◆ **WHAT YOU SHOULD DO**: Go through the listing below and write out exactly the lines from the one that mentions "Photo Daniel Laporte" through the one that mentions "patina resin finish - Teak Tile - Chevron", minus the pictures.

◆ **SOURCE DATA**:
* * * * * * *
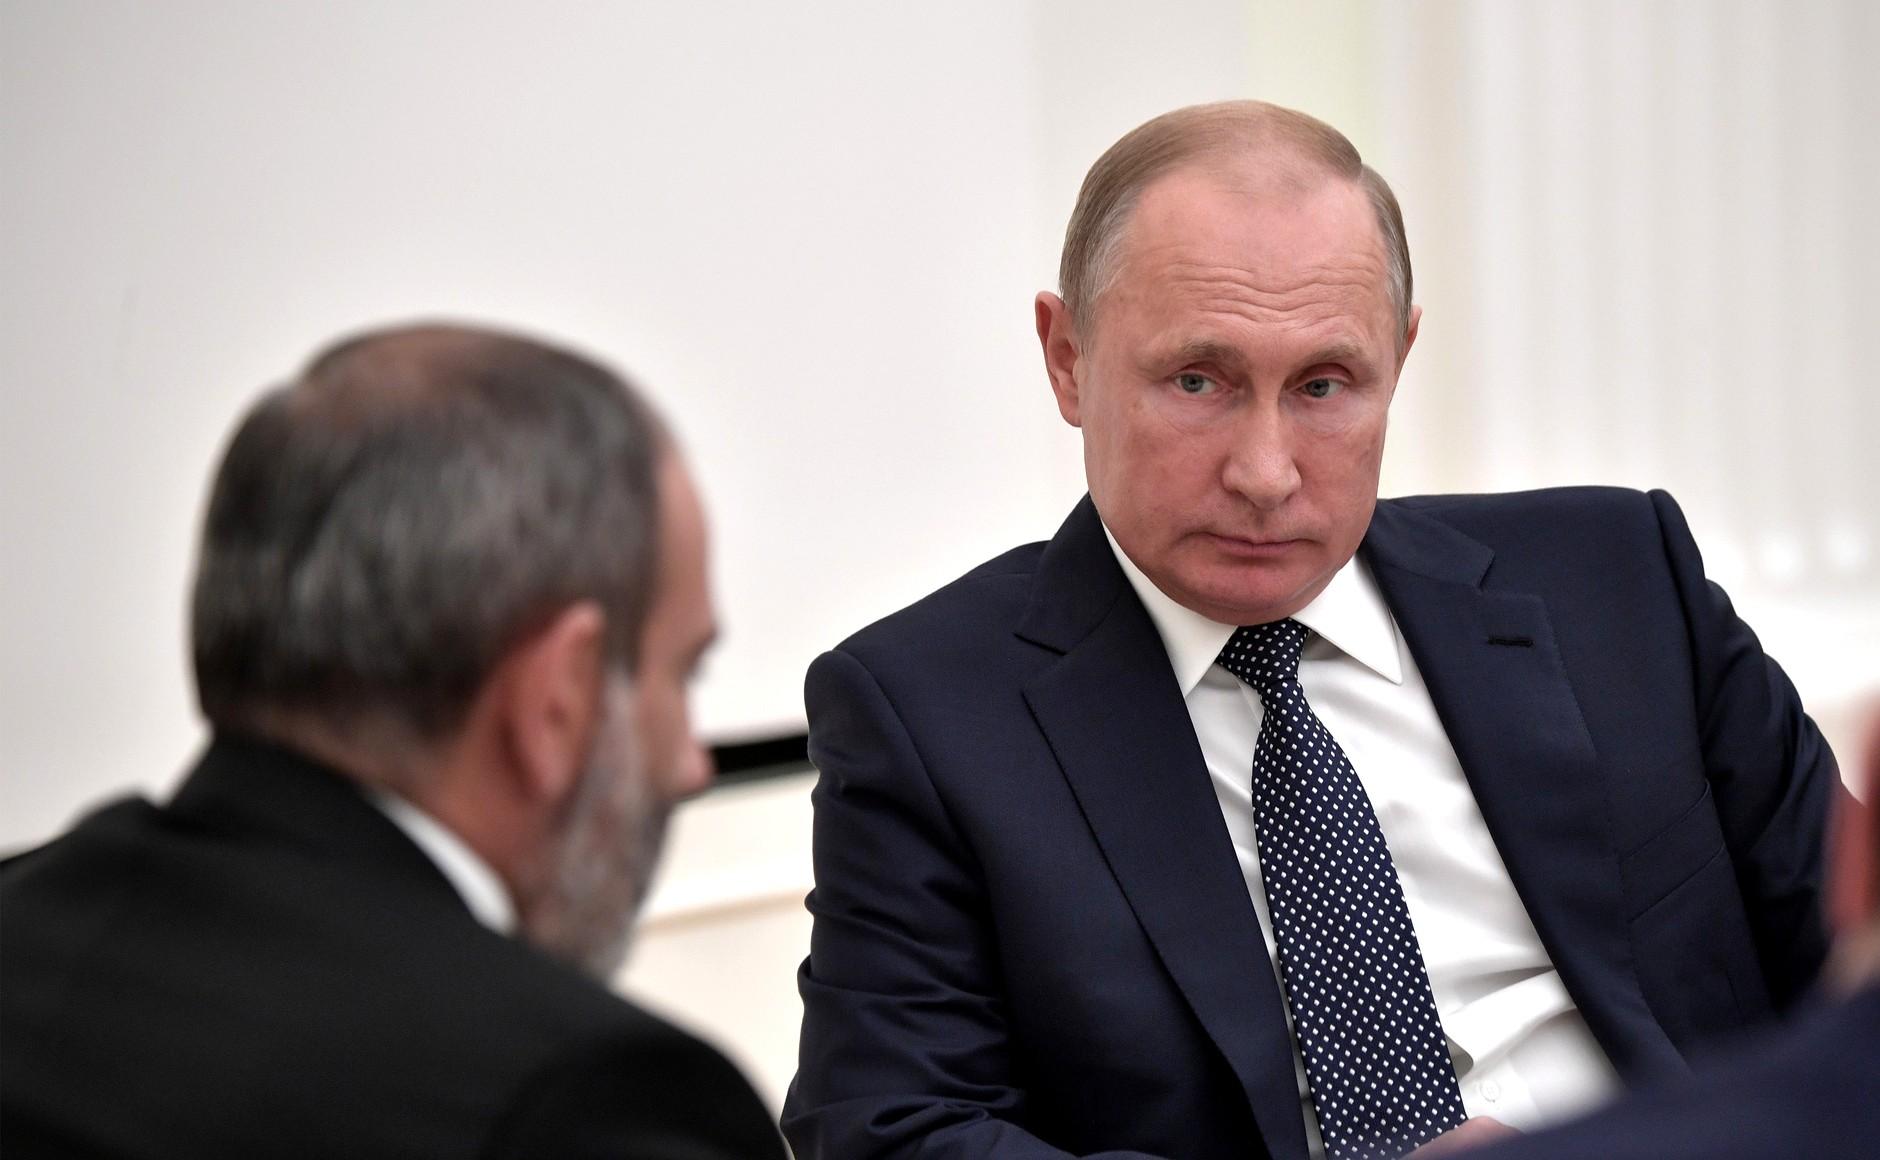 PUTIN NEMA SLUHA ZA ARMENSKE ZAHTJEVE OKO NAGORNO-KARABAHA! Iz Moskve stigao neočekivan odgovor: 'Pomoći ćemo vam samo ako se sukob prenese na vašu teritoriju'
* * * * * * *
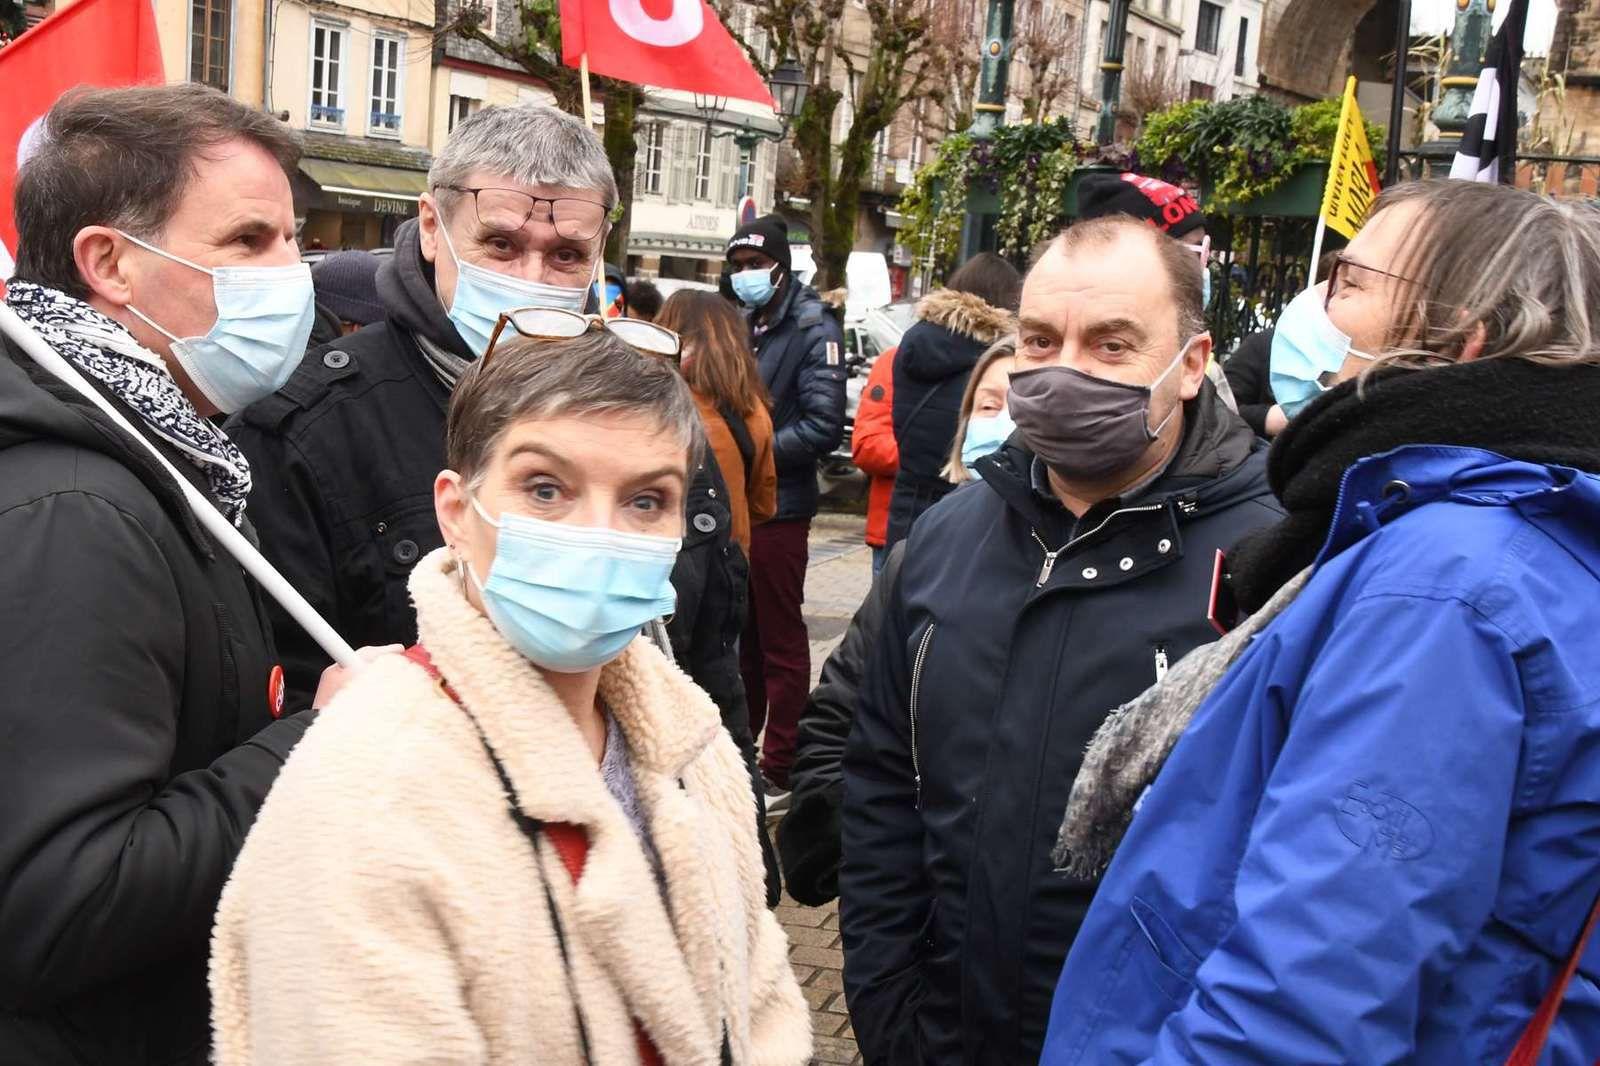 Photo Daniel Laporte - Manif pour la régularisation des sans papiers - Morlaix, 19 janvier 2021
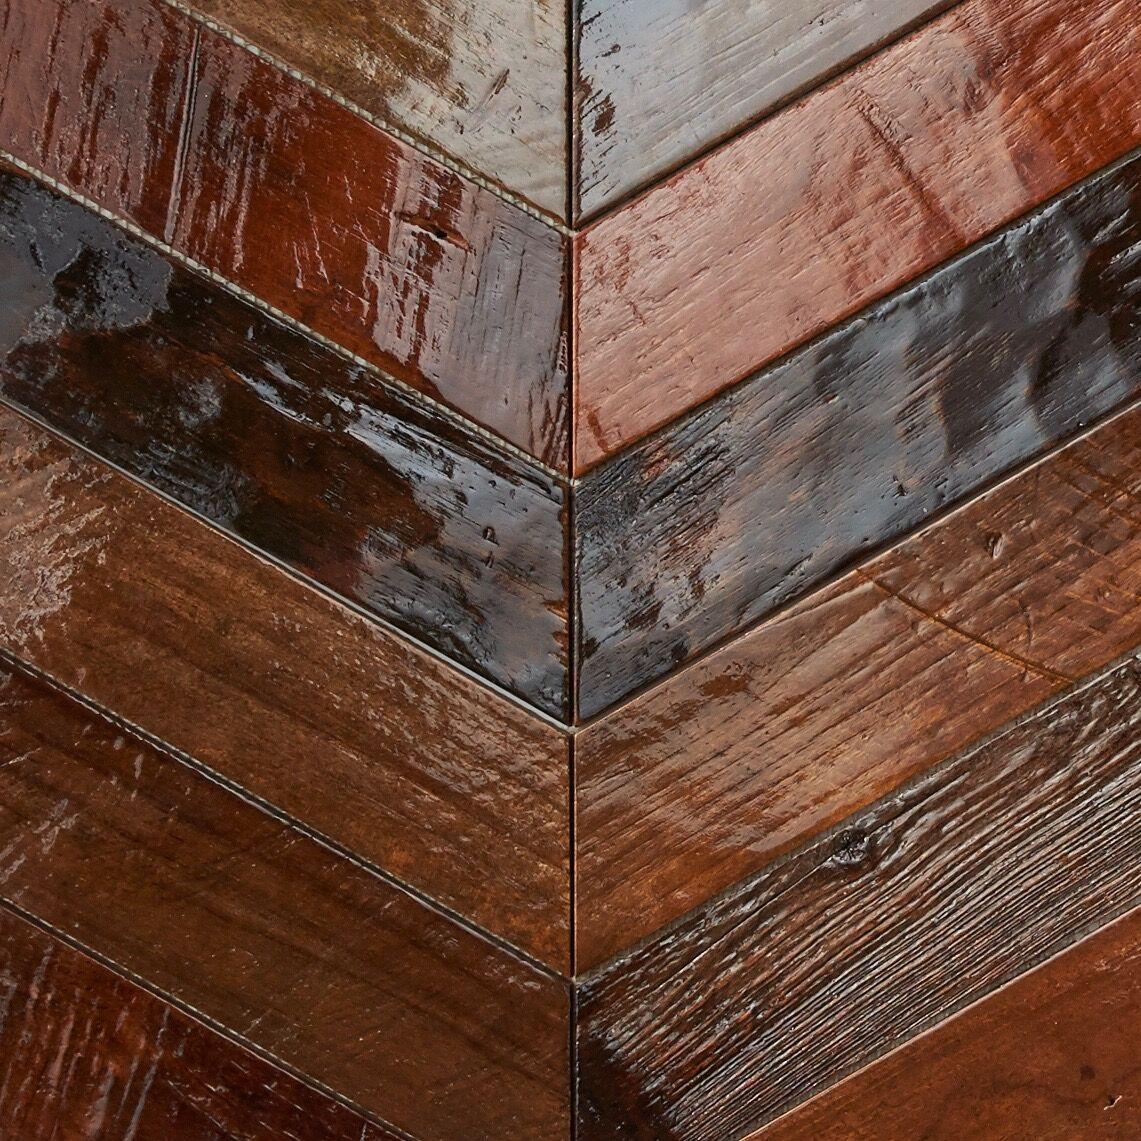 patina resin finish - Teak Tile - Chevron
* * * * * * *
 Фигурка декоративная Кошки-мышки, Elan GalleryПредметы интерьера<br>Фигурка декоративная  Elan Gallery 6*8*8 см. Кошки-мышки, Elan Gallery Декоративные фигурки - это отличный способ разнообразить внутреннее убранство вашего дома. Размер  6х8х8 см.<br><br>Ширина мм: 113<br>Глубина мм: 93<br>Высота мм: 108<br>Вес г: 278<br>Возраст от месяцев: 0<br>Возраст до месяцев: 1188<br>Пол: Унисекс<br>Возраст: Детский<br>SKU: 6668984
* * * * * * *
◆ **RESULT OF THIS EXERCISE**:
 Photo Daniel Laporte - Manif pour la régularisation des sans papiers - Morlaix, 19 janvier 2021
 patina resin finish - Teak Tile - Chevron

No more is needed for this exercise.